* Activity: With the pictures omitted, print exactly the lines below, from the one containing "Отображение web-карты в" through the one containing "La necessaria rivoluzione", and nothing else.

* Data section:
==*==

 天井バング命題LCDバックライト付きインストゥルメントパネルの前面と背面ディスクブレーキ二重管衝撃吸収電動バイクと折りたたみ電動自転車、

==*==

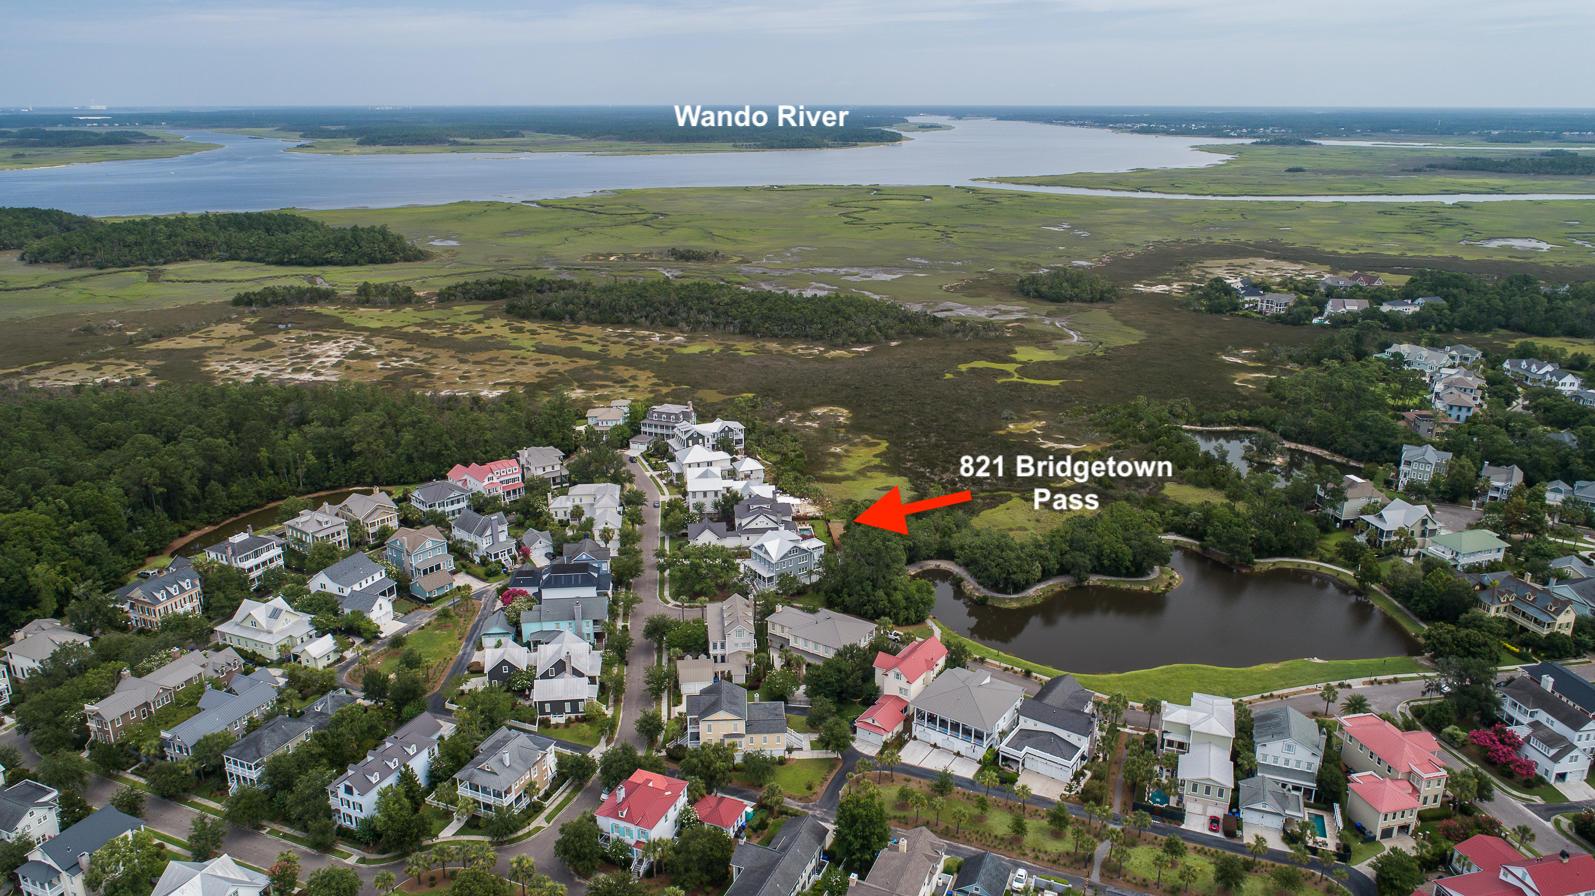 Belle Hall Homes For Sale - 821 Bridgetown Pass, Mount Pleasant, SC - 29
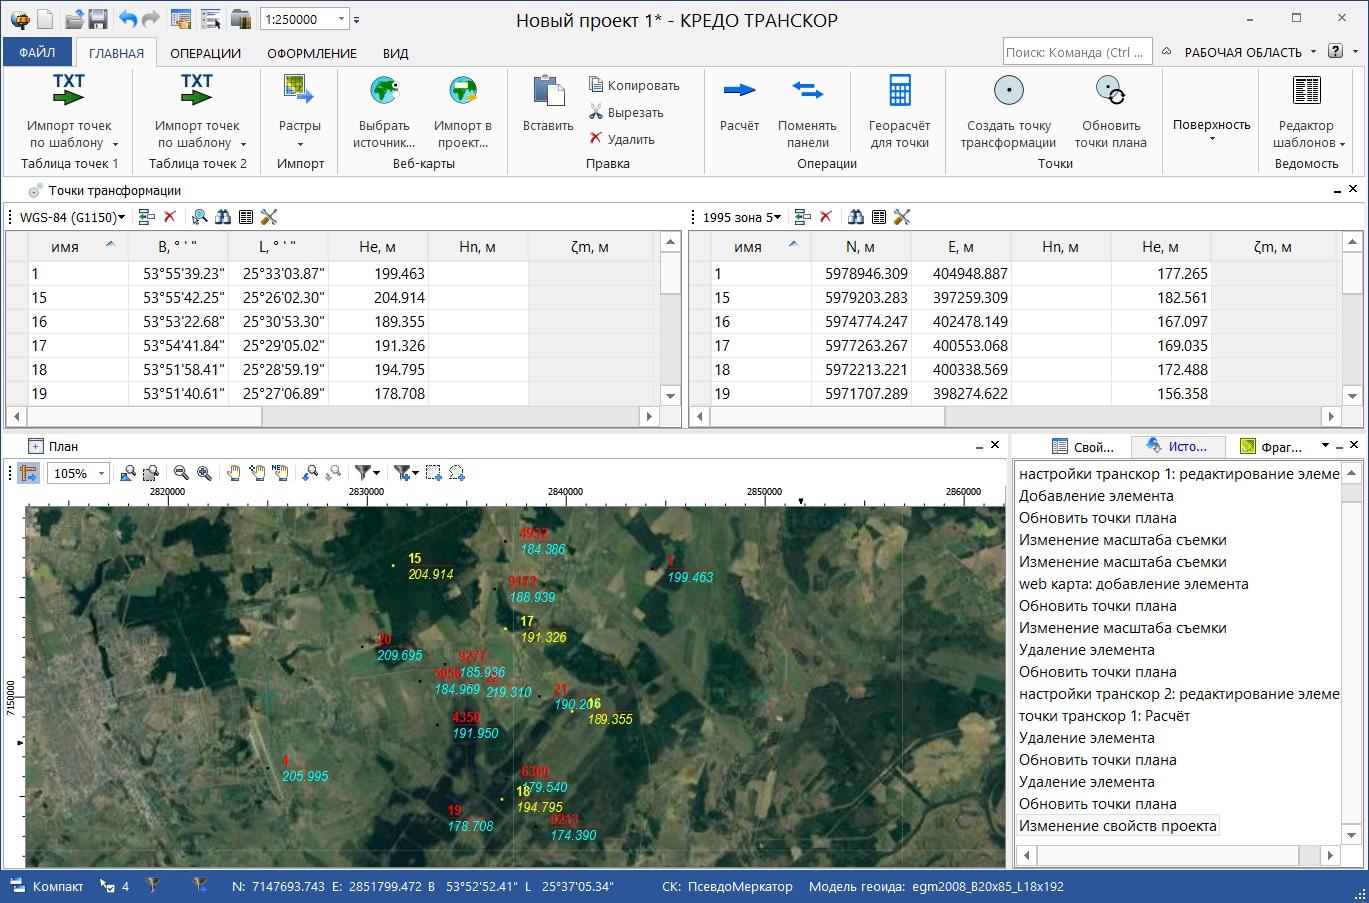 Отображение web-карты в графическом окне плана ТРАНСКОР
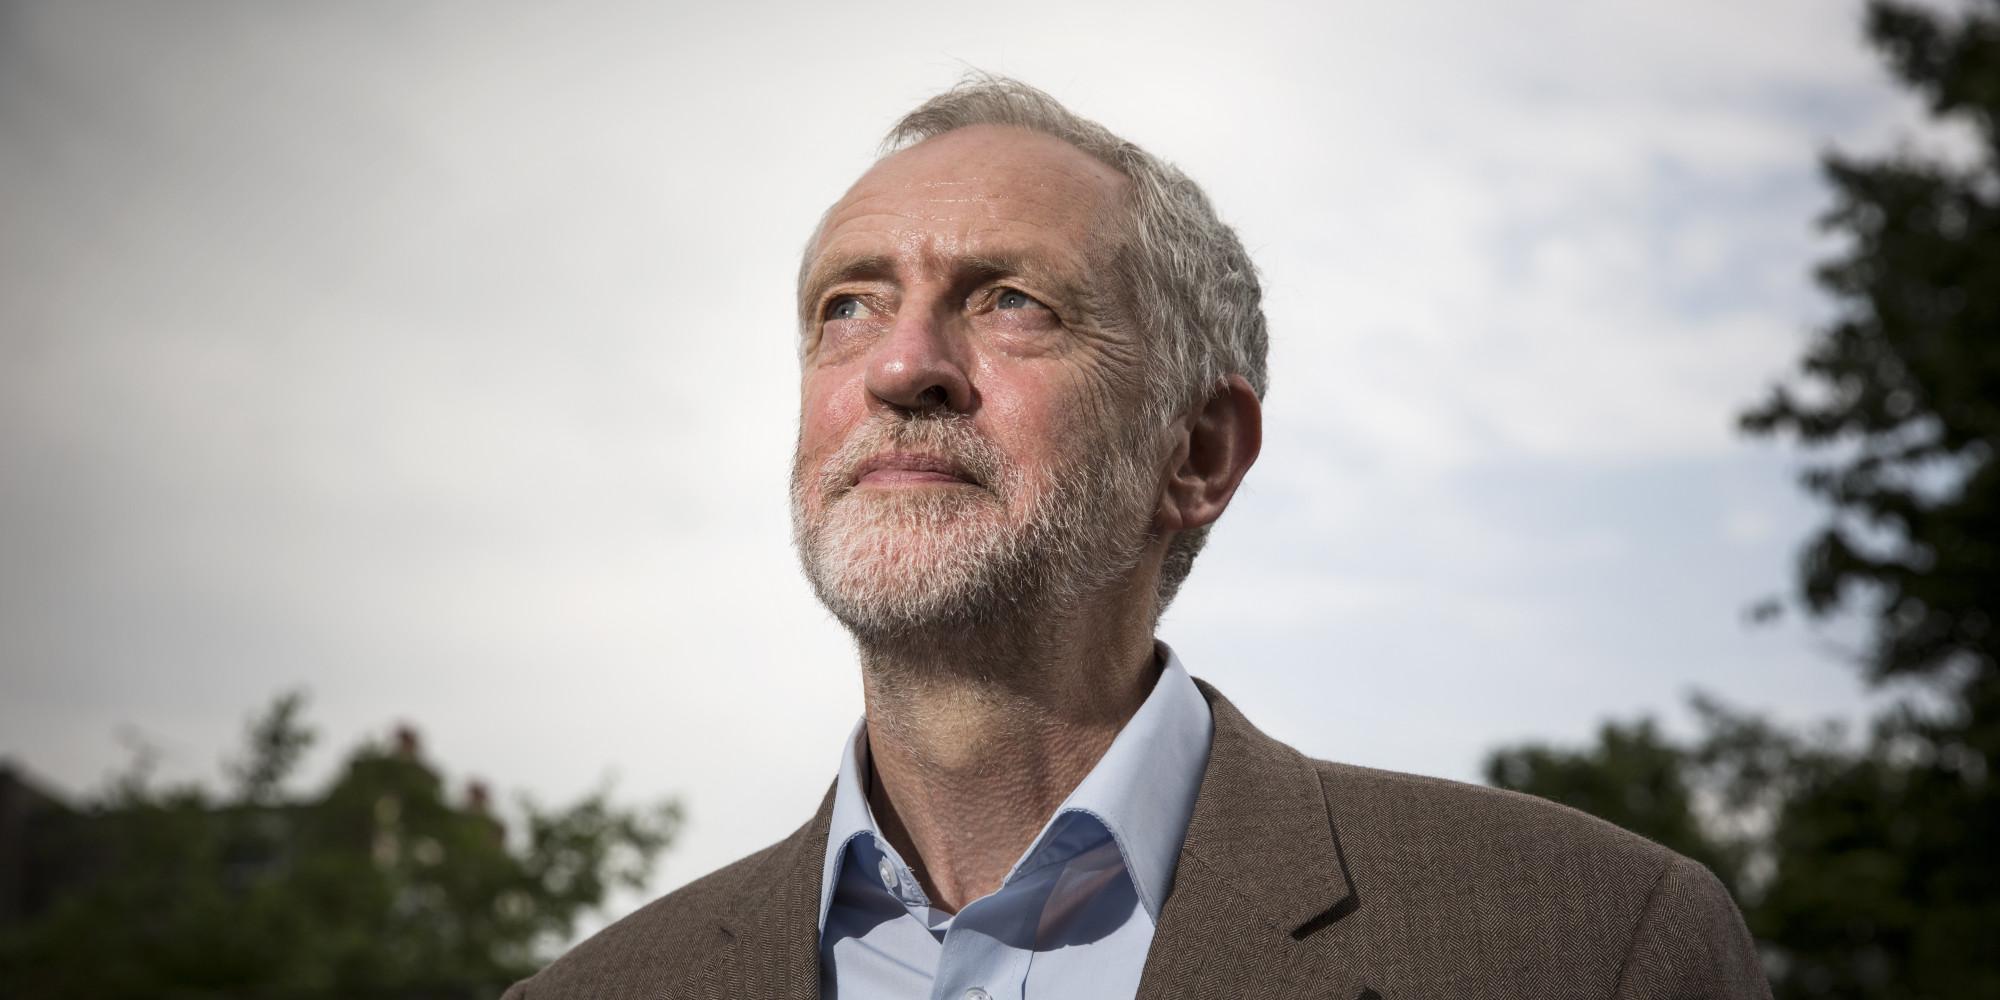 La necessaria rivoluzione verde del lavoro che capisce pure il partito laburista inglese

==*==

* Output for this exercise:
 Отображение web-карты в графическом окне плана ТРАНСКОР
 La necessaria rivoluzione verde del lavoro che capisce pure il partito laburista inglese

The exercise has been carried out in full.